200 Years. 200 Stories. Story
117: “Linnaeus' System
Systema Naturae (1748 edition) from the rare book collection of the Ewell Sale Stewart Library & Archives. The book is opened to the beginning of the section on “Vermes,” the class to which Linnaeus assigned all invertebrates except the arthropods (e.g., insects, spiders, and crabs). The “Reptilia” shown here refers to earthworms, tapeworms, leeches, and other worm-like animals rather than the vertebrates we consider reptiles.

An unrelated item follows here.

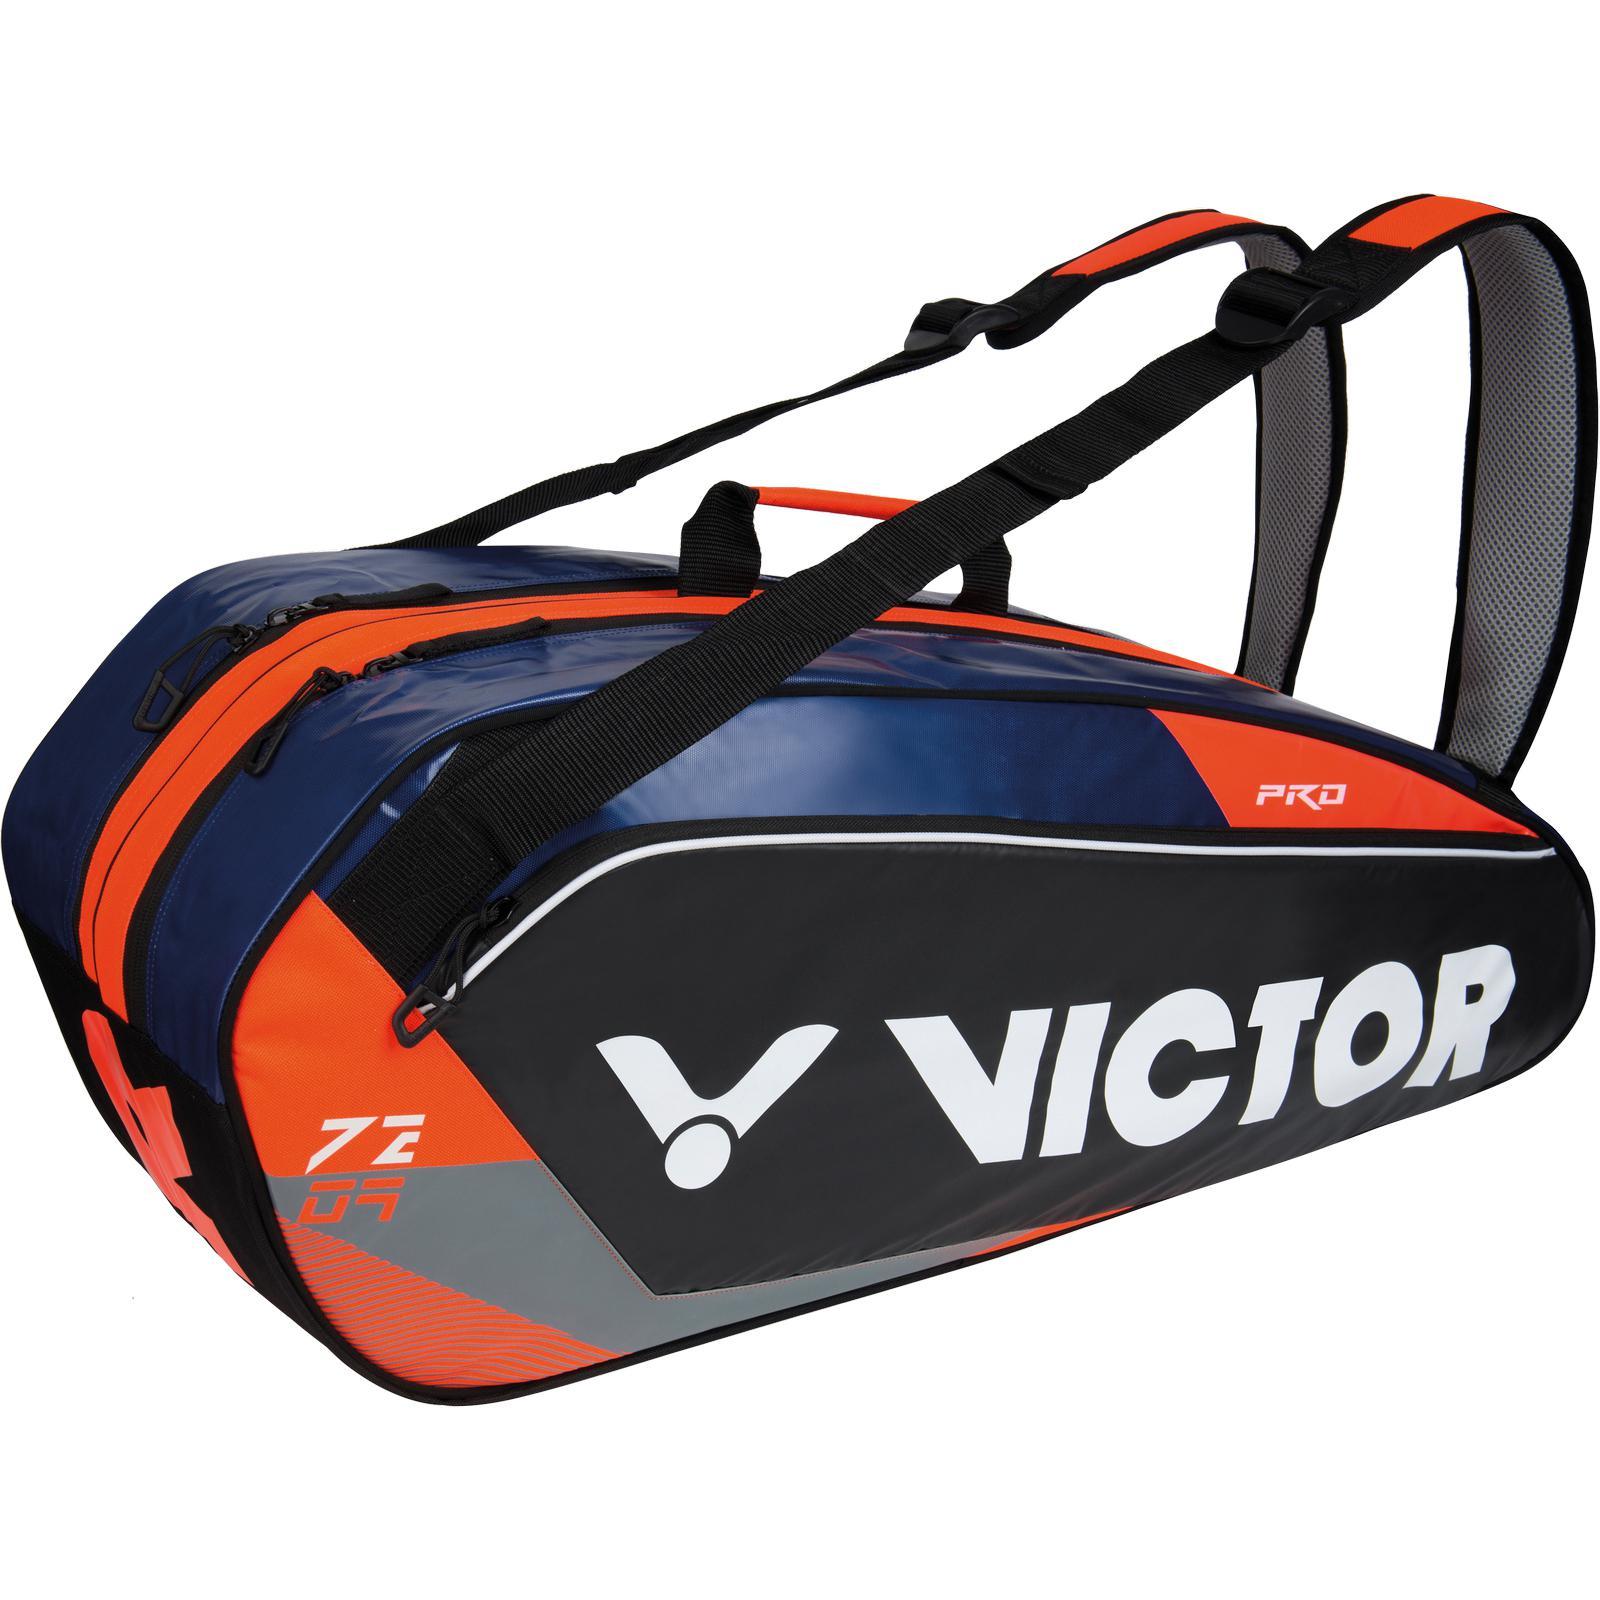 b71b2d2f0b Victor Double Thermo Bag (7209) - Blue/Orange - Tennisnuts.com

Carl Linnaeus (1707–1778) revolutionized the natural sciences in 1735 with the publication of Systema Naturae. He proposed a hierarchical system for classifying the natural world into three kingdoms (plant, animal, and mineral), and each of these kingdoms would be subdivided into four levels (class, order, genus, and species). The system provided a way to reconcile synonymies (different names for the same taxonomic group) and the means to describe new species. A pragmatic system that was designed to be easy to learn and easy to use, Systema Naturae brought consensus and simplicity to the formerly chaotic endeavor of cataloging nature. Fittingly, Linneaus is quoted to have explained “God created, Linnaeus organized.” Although it has been frequently criticized for being an “artificial system,” Systema Naturae fostered a flourishing of taxonomic research during the 18th and early 19th centuries.

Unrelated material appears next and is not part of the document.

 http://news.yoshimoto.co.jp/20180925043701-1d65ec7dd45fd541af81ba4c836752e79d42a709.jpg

Linnaeus revised and greatly expanded Systema Naturae during the 18th century. The first folio edition (1735) consisted of 11 large pages, while the 12th edition (1766–1768) was made up of 2,400 pages spread over three volumes. A copy of the first edition was sent to naturalist James Logan of Philadelphia in the year it was published, but unfortunately it has since disappeared. Thomas B. Wilson donated another copy of the 1735 edition to the Academy. It is Philadelphia’s only copy of the exceedingly rare first edition. Other editions of Systema Naturae are also held in the Ewell Sale Stewart Library & Archives, including a 1748 edition that was also donated by Wilson and a 1758 edition that William Bartram once owned.